Spatial patterns of reproductive success: GLMs
Months of occurrence of reproductively successful deer was positively related to anthropogenic landscape features, as well as natural landscape features. Models with petroleum features best explained deer with fawn occurrence, thus corroborating the multi-state occupancy models. Occurrence of deer with fawns increased with increasing seismic line density, 3D seismic line density, pipeline density, and deciduous forest cover; model 31 (AICw = 0.88) and 29 (AICw = 0.11) together carried 99% of the weight of evidence (Table 2; Table S3). The effect size (model β coefficients) of seismic lines on the occurrence of fawns was 100 times greater than the effect size of the best natural landcover feature: upland deciduous forests (Fig. 3). Projected across the northeast boreal forest surrounding the study area, areas of higher probability of deer reproduction correspond to intensive development (Fig. 4).
Discussion
As mammal distributions shift with climate change, decrease with habitat loss or capitalize upon change to invade, understanding the features facilitating reproduction in once barrens landscapes allow us to elucidate, and address, those mechanisms of change. Global camera-trap networks coupled with spatial distribution models can yield these insights.
In our example widespread landscape change from energy extraction is strongly linked to white-tailed deer reproduction where they have invaded the western Nearctic boreal forest. Deer invasion of the cold northern latitudes is consequent to expansion from southern agricultural areas, a continental phenomenon borne from widespread conversion of mature forest into early seral vegetation (Côté et al. 2004; Heffelfinger 2011). In the last few decades, new advances in forest harvesting and the dramatic growth of energy exploration and extraction have radically altered the Alberta boreal landscape (Pickell, Andison & Coops 2013; Pickell et al. 2015). The density of petroleum exploration “seismic” lines in the landscape had a 100 times greater effect on deer breeding success than did natural deciduous forest, an important predictor of adult white-tailed deer individual habitat selection and distribution (Darlington 2018; Fisher & Burton 2018; Fisher et al. 2020). Although we hypothesized that forest harvesting might play a substantial role (Fisher & Wilkinson 2005), we found no evidence to support this; and petroleum extraction features are much more widespread than forest harvest blocks in this region (Pickell, Andison & Coops 2013; Pickell et al. 2015). We conclude that the 1000s of kilometres of seismic lines, as well as pipelines and 3D seismic lines, spread across the western Nearctic boreal forest play a significant role in facilitating the northward expansion of white-tailed deer.

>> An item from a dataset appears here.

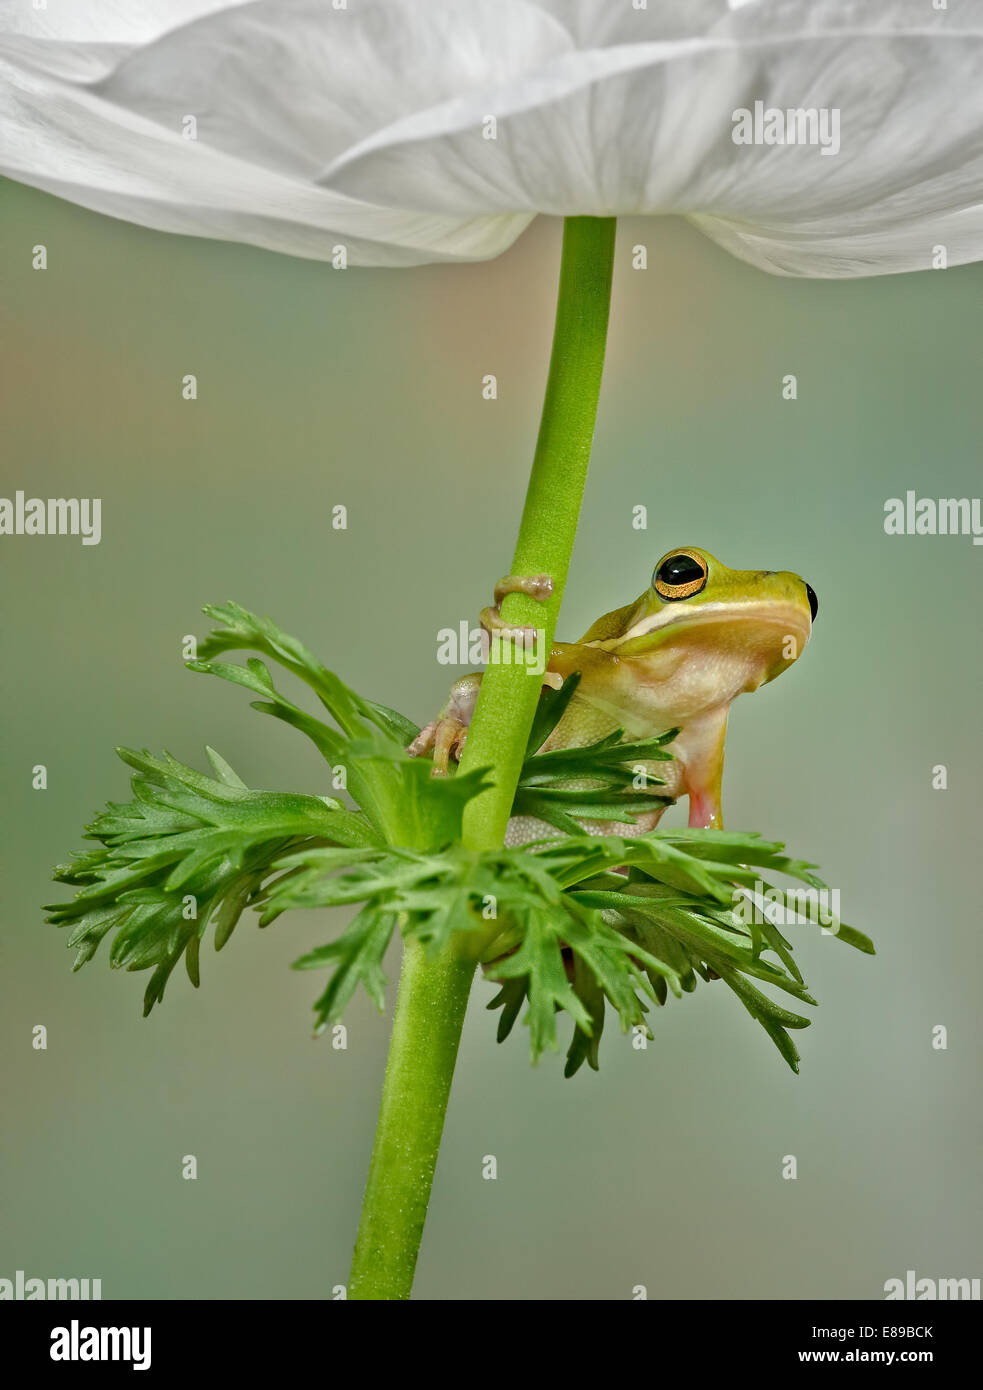 Rainette verte se trouve sur les feuilles ci-dessous une fleur blanche. Les pétales blancs de la fleur un canopy pour cette jolie petite grenouille. Banque D'Images
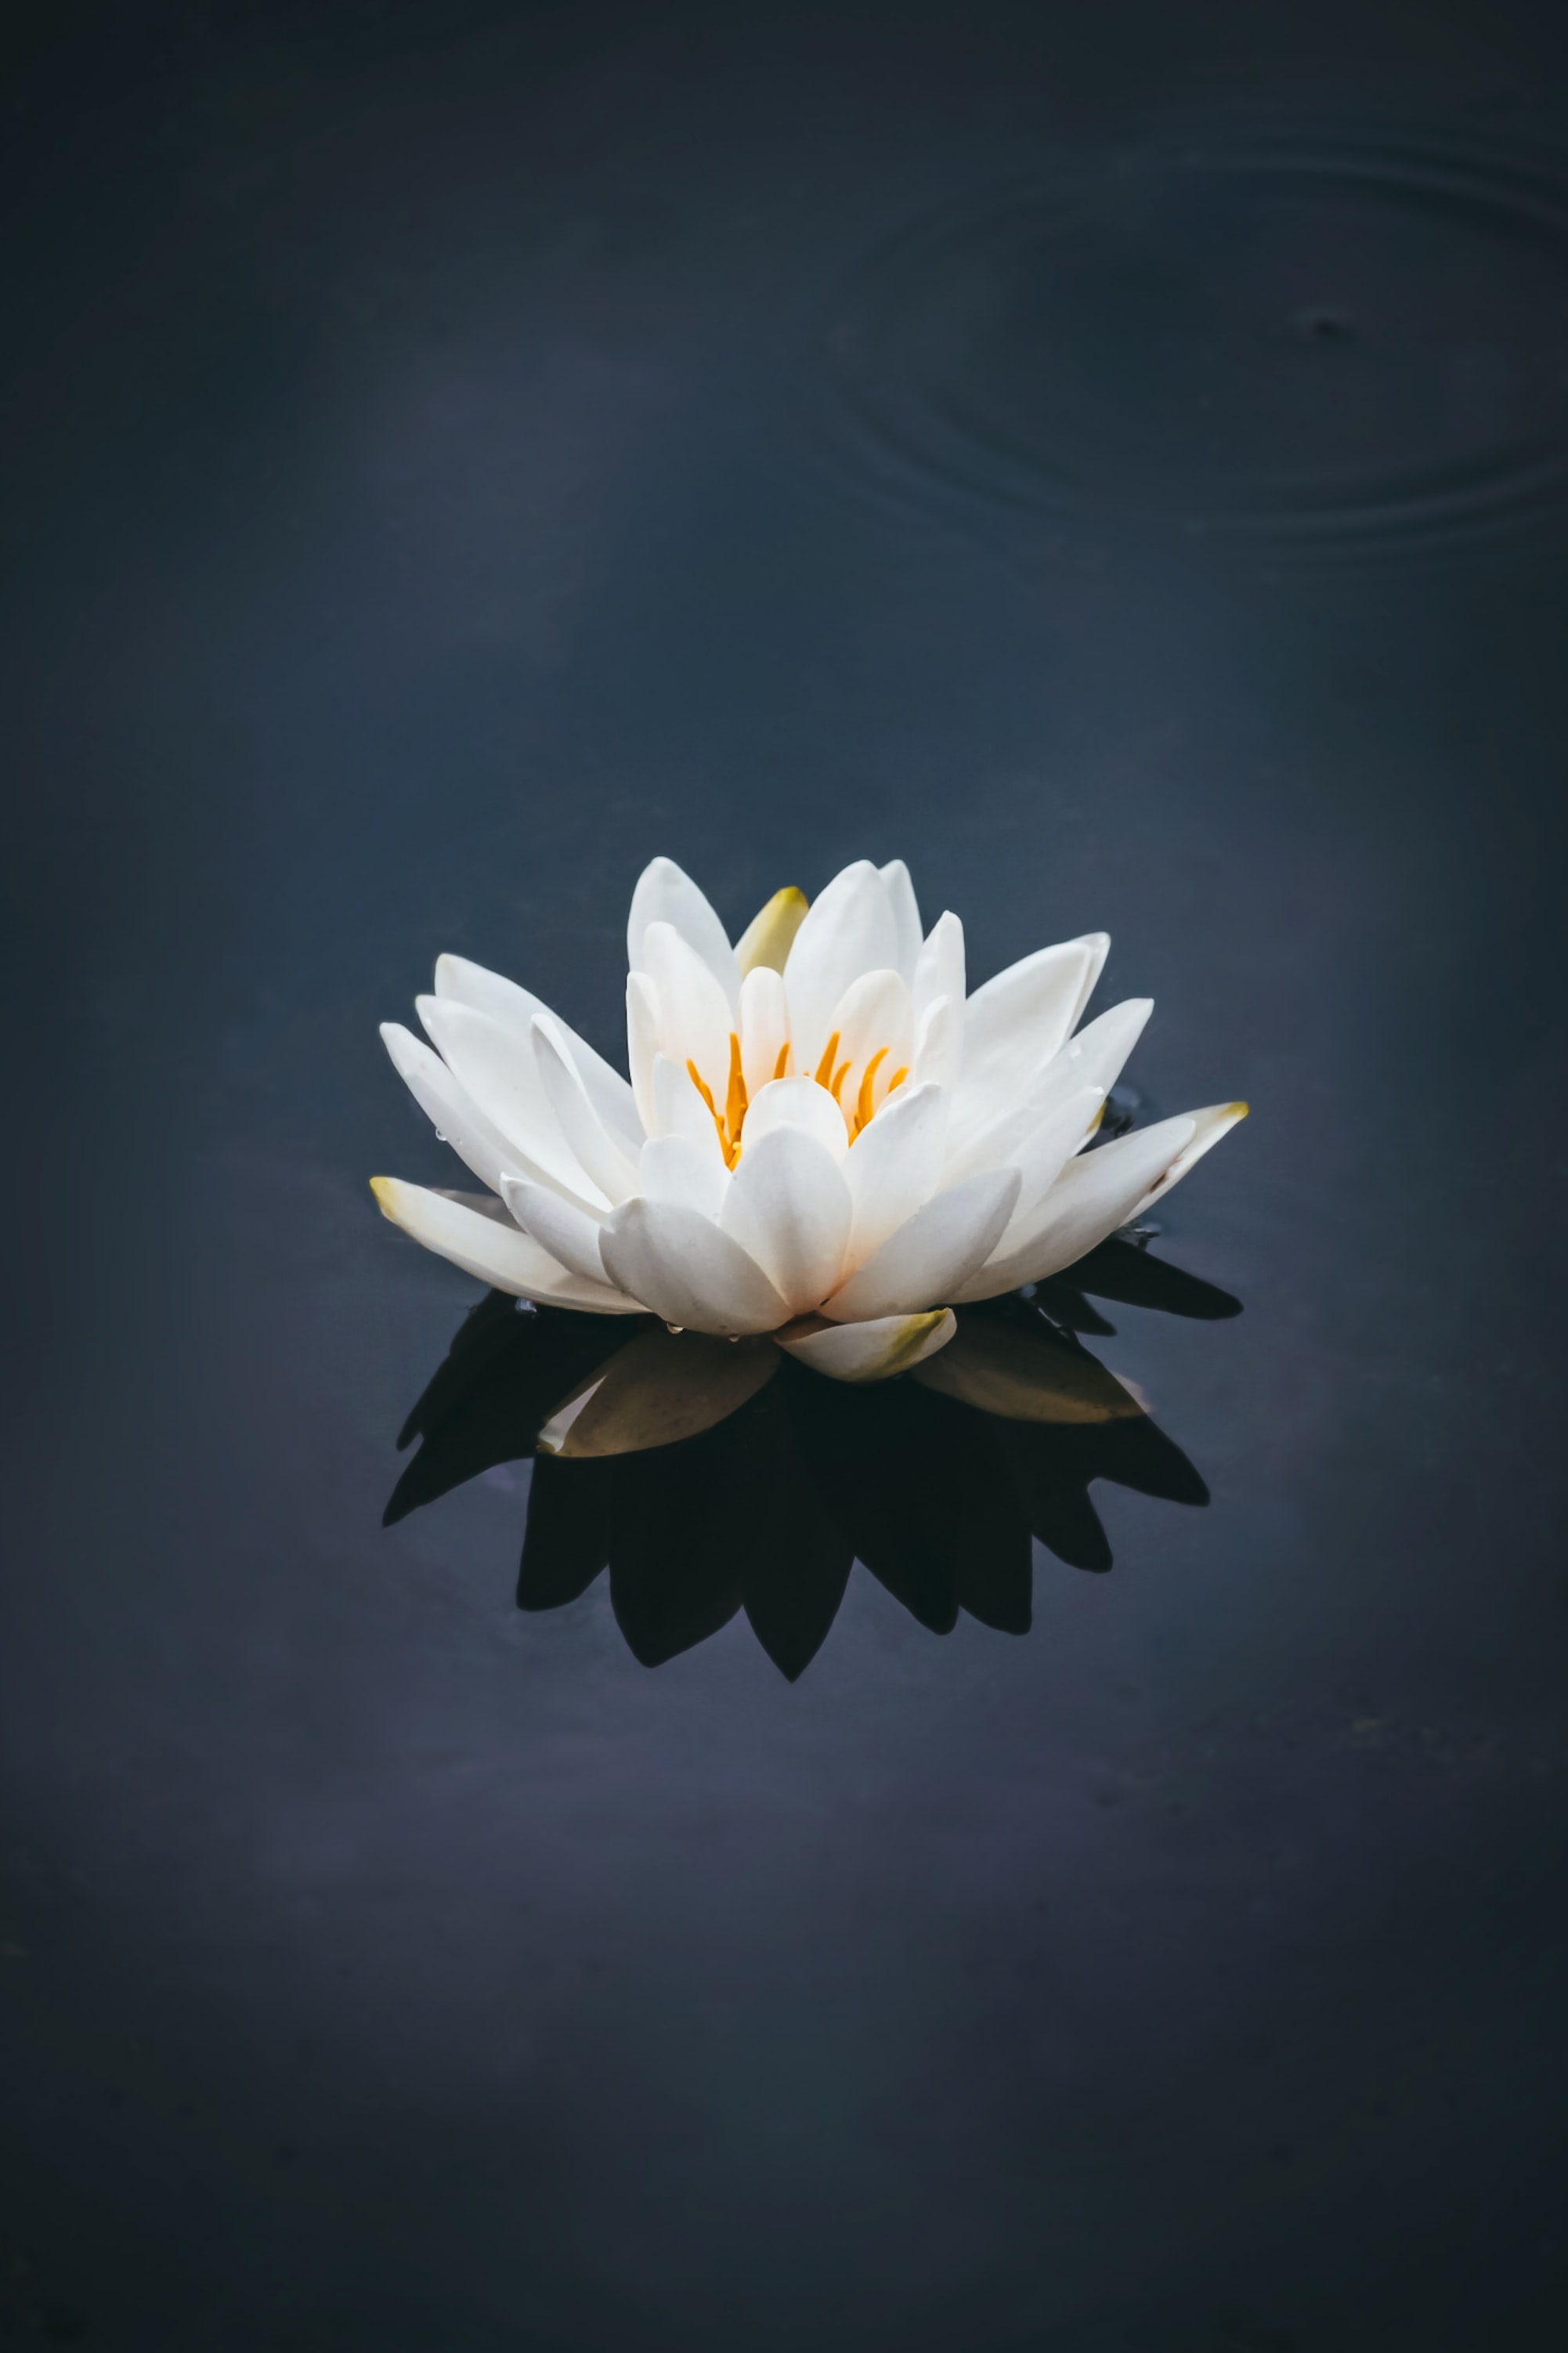 Lotus symbol in fashion

The mechanism for the relationship between linear features and deer reproductive success is centred on available forage. Nutrition affects ungulates’ probability of pregnancy, over-winter survival, parturition, and neonatal survival (Parker, Barboza & Gillingham 2009; Hewitt 2011). Greater nutrition from abundant available forage prevents metabolic stress, increasing deer survivorship and reproductive success (Hewitt 2011). However forage biomass is in itself not a good predictor of deer nutrition, as forage distribution relative to inedible vegetation plays a significant role (Spalinger & Hobbs 1992). In this landscape, abundant edible forage is available in linear features (Finnegan, MacNearney & Pigeon 2018; Finnegan, Pigeon & MacNearney 2019; MacDonald et al. 2020), and may be especially important in spring during green-up, when energetic demands of gestation are great (Pekins, Smith & Mautz 1998).
Research on deer pregnancy rates and recruitment suggests that female age and body condition affect breeding success (Ozoga, Verme & Bienz 1982; Ozoga & Verme 1986; Verme 1989; DelGiudice, Lenarz & Powell 2007); body condition, in turn, is primarily a function of nutrition afforded by available browse (Hewitt 2011). Winter induces substantial metabolic costs on white-tailed deer, but pregnancy and lactation induces markedly greater metabolic costs on females (Pekins, Smith & Mautz 1998; Therrien et al. 2008; Ditchkoff 2011). If female deer in this landscape were metabolically stressed after severe winters, female mortality, small fawns with low survival (Ditchkoff 2011), and starvation-induced abortions (Worden 1992, in Pekins et al. 1998) might be expected to reduce reproductive success. If the early seral vegetation abundant in anthropogenic landscape features provides forage subsidies, then metabolic costs would be offset and reproductive success enhanced. We contend our evidence here, as well as corroborating past research on adult deer showing positive links to anthropogenic features (Darlington 2018; Fisher & Burton 2018), strongly infers that landscape change is enhancing breeding success and hence, facilitating and maintaining boreal deer invasions.